Silent data corruptions at scale (2021)

Silent data corruptions at scale (2021)(arxiv.org)

84 points by losfair 2 years ago | 39 comments

Very interesting topic, but rather low on detail --- really wanted to see what those 60 lines of Asm that allegedly show a faulty CPU instruction were, and also surprised that it wasn't intermittent; in my experience, CPU problems usually are intermittent and heavily dependent upon prior state, and manually stepping through with a debugger has never shown the "1+1=3" type of situation they claim. That said, I wonder if LINPACK'ing would've found it, as that is known to be a very powerful stress-test with divisive opinions among the overclocking community; some, including me, claim that a system can never be considered stable it if fails LINPACK since that is essentially showing intermittent "1+1=3" behaviour, while others are fine with "occasional" discrepancies in its output since the system otherwise appears to be stable.

jorticka 2 years ago | |

Like all stress tests, linpack will find some errors, but not all.

I had memory stability issues which would immediatly show under Prime95 (less than 1 minute) but pass hours of Linpack.

sirlancer 2 years ago | | |

Prime95 is my gold standard for CPU and memory testing. Everything from desktops to HPC and clustered filesystems get a 24 hour “blend” of tests. If that passes without any instability or bit flips then we’re ready for production.

thfuran 2 years ago | |

>while others are fine with "occasional" discrepancies

I guess I'd probably be okay with that if the only thing I ever used the computer for was gaming.

dang 2 years ago |

Meta quickly detects silent data corruptions at scale - https://news.ycombinator.com/item?id=30905636 - April 2022 (95 comments)

Silent Data Corruptions at Scale - https://news.ycombinator.com/item?id=27484866 - June 2021 (12 comments)

dataflow 2 years ago |

Google also had a "Cores That Don't Count" paper on so-called "mercurial cores" https://news.ycombinator.com/item?id=27378624 as well as a presentation https://www.youtube.com/watch?v=QMF3rqhjYuM

ekelsen 2 years ago |

I wrote an article about these affecting LLM training at https://www.adept.ai/blog/sherlock-sdc

walterbell 2 years ago | |

Thanks, does your blog have a working RSS feed?

opisthenar84 2 years ago |

Might be a noob question but for truly important data, couldn't SDCs be detected by using ECC everywhere?

twhitmore 2 years ago |

Interesting. The corruption was in a math.pow() calculation, representing a compressed filesize prior to a file decompression step.

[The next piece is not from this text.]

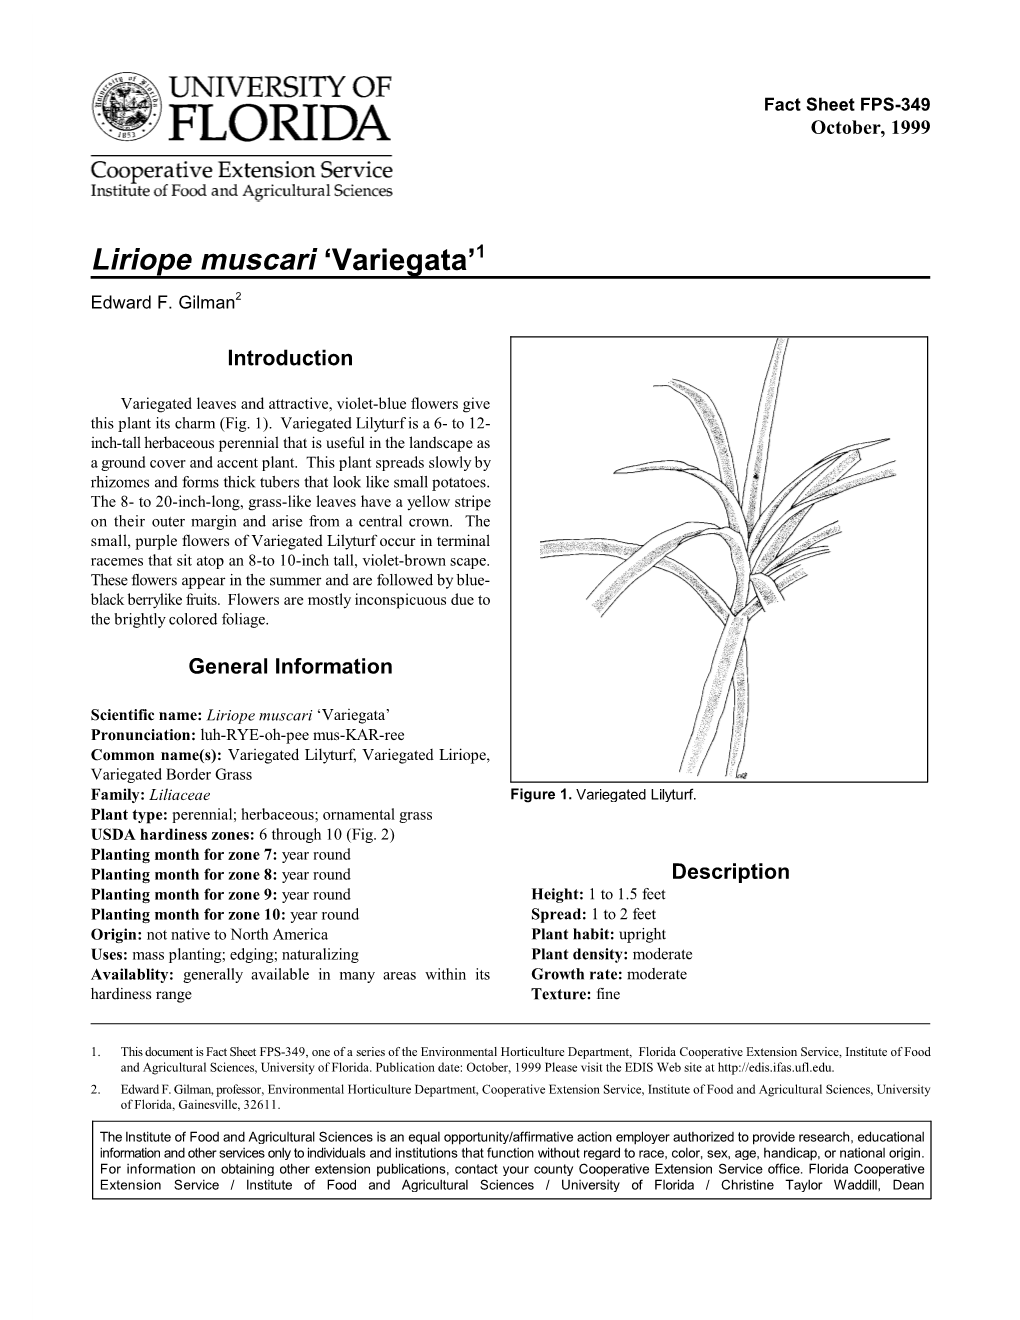 Lilyturf, Variegated (Liriope Muscari 'Variegata')

Compressing data, with the increased information density & greater number of CPU instructions involved, seems obviously to increase the exposure to corruption/ bitflips.

What I did wonder was why compress the filesize as an exponent? One would imagine that representing as a floating-point exponent would take lots of cycles, pretty much as many bits, and have nasty precision inaccuracies at larger sizes.

SomeoneFromCA 2 years ago |

Interesting paper, but has some technical errors. First of all, they keep mentioning SRAM+ECC, instead of DRAM+ECC; you cannot use gcj to inspect assembly code generated for Java method, as it will be completely different from the code generated by Hotspot; you do not need all that acrobatics to get disasm of the method, you could just add an infinite loop to the code and attach gdb to the JVM process and inspect the code or dump the core.

MertsA 2 years ago | |

Disclaimer: I work at Meta and I know a couple of the authors of the paper but my work is completely unrelated to the subject of the paper.

That's not a technical error, they mean SRAM in the CPU itself. You're right about gcj but that's kind of a moot point when investigating some reproducible CPU bug like this. The paper mentions all the acrobatics they went through when trying to find the root cause but if gcj would have been practical then it also would have been immediately clear if the gcj output reproduced the error or not. If it didn't reproduce, no big deal, try another approach. You might be right about it being easier to root cause with gdb directly but I'm not so sure. Starting out, you have no idea which instructions under what state are triggering the issue so you'd be looking for a needle in a haystack. A crashdump or gdb doesn't let you bisect that haystack so good luck finding your needle.

SomeoneFromCA 2 years ago | | |

GCJs implementation could be so vastly different from Hotspot, you could as well rewrite it in C and check if it is failing or not. ChatGPT would generate testcase within a minute.

It all depends how good you are with x64 assembly. If you are good enough, you can easily deduce what the instructions at the location do, and can potentially simply copy-paste into an asm file, compile it and check result. Would be much faster to me.

Bluntly speaking, people who are not familiar with low-level debugging make an honest and succesful attempt to investigate a low-level issue. A seasoned kernel developer or reverse engineer would have just used gdb straight away.